Depending on the amount of income you have and the amount of debt you have already accrued, some experts say to save half and spend half. Of course, this is not always possible, so if you just get into the mindset of saving however much you can each month, this will greatly benefit you in the future. As aforementioned, a good place to start is by placing 20% of your income into savings.
You should set saving goals not only for the big purchases you are saving up for, but also for the sole purpose of increasing the balance in your savings account. Determine how much money you want to have saved by a specific date. This is important because you can make money on compound interest—which brings us to the next point.
6. Make the Most of Compound Interest
Many people just starting out with their savings forget to account for compound interest. Compound interest is interest earned on interest. It applies to both savings and debt, and it can have a huge effect on your money—either for the good or the bad. As your savings balance becomes larger, the interest you earn on that money accelerates. Unfortunately, compound interest will work against you when borrowing money, so being aware of this and planning ahead can make all the difference in saving you time, money, and hassle.

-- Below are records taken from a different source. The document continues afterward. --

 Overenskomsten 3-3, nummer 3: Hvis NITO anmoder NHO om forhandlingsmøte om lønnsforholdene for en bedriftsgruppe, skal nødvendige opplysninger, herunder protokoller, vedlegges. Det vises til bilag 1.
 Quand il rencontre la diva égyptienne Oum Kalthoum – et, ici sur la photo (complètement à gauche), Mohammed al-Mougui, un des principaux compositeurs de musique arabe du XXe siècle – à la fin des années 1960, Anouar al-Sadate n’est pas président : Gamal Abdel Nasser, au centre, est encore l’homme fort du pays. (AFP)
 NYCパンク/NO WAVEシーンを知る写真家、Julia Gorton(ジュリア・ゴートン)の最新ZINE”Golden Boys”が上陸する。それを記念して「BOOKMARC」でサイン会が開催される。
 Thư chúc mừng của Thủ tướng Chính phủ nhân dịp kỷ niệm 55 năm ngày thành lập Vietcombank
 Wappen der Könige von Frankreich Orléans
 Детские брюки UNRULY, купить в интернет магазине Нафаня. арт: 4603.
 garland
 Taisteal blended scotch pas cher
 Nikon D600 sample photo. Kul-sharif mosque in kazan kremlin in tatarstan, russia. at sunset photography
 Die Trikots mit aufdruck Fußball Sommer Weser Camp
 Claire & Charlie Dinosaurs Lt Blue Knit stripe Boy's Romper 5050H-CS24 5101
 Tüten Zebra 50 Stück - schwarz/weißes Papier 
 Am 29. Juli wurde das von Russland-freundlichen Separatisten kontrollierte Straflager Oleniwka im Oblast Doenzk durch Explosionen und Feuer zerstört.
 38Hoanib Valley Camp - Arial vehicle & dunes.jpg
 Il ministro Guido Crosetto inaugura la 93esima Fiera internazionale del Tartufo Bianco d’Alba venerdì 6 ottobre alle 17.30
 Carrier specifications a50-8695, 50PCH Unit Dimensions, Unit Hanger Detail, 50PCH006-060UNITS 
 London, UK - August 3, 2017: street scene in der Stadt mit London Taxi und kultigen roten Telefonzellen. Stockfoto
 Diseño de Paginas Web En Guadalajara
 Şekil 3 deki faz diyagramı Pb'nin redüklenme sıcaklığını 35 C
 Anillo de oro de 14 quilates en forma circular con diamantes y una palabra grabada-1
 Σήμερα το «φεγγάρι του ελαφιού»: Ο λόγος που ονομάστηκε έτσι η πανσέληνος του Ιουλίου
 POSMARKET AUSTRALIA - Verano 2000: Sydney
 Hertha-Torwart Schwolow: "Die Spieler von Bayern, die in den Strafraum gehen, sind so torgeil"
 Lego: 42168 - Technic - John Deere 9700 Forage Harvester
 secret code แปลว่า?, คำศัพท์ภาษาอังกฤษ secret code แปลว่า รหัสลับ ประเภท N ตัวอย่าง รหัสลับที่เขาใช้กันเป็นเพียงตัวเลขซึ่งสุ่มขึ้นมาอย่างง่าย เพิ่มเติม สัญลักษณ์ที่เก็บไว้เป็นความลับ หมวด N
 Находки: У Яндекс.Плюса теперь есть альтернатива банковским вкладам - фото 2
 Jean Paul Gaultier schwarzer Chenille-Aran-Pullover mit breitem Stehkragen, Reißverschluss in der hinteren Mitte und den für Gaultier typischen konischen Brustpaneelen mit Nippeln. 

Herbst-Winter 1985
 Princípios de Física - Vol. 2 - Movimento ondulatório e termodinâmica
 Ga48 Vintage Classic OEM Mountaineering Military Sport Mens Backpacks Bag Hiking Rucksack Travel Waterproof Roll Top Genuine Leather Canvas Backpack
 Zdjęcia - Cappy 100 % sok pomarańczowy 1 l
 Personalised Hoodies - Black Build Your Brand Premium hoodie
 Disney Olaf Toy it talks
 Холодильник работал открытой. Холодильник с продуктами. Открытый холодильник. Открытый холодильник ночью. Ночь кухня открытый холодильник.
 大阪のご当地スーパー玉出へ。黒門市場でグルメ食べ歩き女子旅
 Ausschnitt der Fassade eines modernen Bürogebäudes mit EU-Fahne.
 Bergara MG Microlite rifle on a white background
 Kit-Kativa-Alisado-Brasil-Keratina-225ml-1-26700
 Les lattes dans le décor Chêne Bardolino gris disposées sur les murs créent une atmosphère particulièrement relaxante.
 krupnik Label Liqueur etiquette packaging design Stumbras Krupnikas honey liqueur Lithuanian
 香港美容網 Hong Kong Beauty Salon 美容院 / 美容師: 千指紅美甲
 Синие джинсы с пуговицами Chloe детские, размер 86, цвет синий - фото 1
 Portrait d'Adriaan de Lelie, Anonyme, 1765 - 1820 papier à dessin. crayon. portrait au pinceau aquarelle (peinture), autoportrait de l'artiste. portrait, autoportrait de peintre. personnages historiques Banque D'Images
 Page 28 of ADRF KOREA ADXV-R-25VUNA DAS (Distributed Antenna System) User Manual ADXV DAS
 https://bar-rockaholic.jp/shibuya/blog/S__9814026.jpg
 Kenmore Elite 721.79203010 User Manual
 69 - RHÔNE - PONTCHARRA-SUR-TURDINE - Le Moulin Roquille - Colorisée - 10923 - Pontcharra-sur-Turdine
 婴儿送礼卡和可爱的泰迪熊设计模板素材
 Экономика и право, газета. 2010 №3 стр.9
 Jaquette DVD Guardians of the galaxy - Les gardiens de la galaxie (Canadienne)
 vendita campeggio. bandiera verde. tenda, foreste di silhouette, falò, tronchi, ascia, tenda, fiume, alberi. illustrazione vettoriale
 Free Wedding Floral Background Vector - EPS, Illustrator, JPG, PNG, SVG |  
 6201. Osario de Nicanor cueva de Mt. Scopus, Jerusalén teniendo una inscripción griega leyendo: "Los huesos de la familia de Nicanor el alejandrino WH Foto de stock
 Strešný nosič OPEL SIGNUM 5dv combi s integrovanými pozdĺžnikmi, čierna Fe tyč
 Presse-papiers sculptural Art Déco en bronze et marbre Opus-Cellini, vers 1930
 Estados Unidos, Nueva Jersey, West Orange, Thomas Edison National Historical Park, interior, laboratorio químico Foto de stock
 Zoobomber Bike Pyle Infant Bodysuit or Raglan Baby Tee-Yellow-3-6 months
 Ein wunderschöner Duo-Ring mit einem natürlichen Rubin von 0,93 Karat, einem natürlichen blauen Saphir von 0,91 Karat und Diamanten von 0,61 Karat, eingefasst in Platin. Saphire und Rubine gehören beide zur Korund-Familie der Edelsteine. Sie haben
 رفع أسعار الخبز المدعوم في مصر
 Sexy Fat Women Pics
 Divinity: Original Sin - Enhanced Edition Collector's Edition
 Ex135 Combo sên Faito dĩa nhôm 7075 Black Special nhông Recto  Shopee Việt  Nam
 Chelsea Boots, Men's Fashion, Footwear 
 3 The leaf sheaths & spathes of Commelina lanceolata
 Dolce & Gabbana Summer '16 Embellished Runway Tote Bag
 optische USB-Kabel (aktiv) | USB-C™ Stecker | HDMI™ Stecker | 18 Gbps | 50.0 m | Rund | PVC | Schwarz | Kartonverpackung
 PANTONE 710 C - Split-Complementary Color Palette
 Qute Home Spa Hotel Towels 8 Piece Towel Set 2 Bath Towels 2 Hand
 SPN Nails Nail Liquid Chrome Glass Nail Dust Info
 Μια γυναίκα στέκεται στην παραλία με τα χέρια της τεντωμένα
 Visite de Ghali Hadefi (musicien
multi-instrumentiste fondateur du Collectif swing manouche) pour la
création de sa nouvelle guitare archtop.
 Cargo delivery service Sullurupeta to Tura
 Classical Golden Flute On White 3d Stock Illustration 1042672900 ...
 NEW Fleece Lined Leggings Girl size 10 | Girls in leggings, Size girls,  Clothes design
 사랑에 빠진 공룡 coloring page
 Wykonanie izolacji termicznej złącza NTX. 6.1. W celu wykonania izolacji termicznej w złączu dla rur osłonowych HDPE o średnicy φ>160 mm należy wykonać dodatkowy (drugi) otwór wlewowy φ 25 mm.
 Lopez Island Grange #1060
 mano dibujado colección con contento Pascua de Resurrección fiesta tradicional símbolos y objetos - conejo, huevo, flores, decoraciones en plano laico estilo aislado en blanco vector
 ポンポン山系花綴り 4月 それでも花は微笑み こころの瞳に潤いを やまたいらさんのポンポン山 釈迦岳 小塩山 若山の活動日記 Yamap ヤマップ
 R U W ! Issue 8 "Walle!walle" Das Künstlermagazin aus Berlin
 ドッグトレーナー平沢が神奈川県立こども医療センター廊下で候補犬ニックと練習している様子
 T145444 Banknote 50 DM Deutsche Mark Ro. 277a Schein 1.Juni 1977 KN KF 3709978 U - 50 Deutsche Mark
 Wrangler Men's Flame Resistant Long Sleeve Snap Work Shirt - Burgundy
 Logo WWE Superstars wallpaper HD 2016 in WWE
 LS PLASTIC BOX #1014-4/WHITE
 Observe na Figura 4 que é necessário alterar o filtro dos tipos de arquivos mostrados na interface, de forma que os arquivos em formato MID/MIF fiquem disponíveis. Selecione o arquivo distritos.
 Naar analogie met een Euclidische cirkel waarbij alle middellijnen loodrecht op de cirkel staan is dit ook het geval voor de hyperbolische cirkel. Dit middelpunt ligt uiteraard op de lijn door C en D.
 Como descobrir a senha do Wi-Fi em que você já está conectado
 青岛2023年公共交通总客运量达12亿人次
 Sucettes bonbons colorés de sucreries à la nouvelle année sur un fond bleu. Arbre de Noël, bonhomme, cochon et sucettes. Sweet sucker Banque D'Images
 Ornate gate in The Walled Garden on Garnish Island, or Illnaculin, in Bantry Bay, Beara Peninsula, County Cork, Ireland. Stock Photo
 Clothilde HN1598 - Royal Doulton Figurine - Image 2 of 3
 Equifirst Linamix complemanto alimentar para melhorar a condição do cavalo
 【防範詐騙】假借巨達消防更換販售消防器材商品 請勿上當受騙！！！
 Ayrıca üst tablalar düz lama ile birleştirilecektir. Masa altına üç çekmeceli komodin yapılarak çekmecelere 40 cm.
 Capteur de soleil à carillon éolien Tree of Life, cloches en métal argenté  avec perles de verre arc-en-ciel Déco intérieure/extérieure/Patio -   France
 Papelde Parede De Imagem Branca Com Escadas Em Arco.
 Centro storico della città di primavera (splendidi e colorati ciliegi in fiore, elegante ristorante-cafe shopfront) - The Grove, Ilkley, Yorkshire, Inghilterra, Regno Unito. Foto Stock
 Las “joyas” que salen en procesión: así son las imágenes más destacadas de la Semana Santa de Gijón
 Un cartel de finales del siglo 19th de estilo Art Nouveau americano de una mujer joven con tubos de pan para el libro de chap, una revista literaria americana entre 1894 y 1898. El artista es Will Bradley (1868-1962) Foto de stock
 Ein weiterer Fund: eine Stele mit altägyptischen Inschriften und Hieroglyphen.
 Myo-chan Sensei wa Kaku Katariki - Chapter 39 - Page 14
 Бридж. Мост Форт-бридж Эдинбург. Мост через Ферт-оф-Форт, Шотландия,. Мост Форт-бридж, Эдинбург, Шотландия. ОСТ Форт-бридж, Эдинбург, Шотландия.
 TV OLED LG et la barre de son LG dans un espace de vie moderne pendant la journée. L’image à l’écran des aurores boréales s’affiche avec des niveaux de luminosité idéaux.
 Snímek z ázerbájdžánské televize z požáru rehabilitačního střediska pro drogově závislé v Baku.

There are formulas which you can use to calculate your compound interest. There are even online calculators you can use. However, you will first need to understand the various factors that determine it. Start with learning the interest rate and your starting principal (the amount of money you begin with), then determine the frequency of compounding (whether that is daily, monthly, or annually). Finally, review the duration for which you foresee yourself paying off a loan or owning an account.
The most important thing you need to remember is to be patient when making money on compound interest. It will take time, but you will see growth—especially if you are aggressive in paying off your debts.
All of these tips encourage changes that are attainable. If you implement these changes into your lifestyle now, your future self will no doubt thank your past self.
Once you know how money works and you have a regimented system for how you manage it, the next step is seeking out an expert in the financial services field to help you make even more out of your savings, investments, and pensions.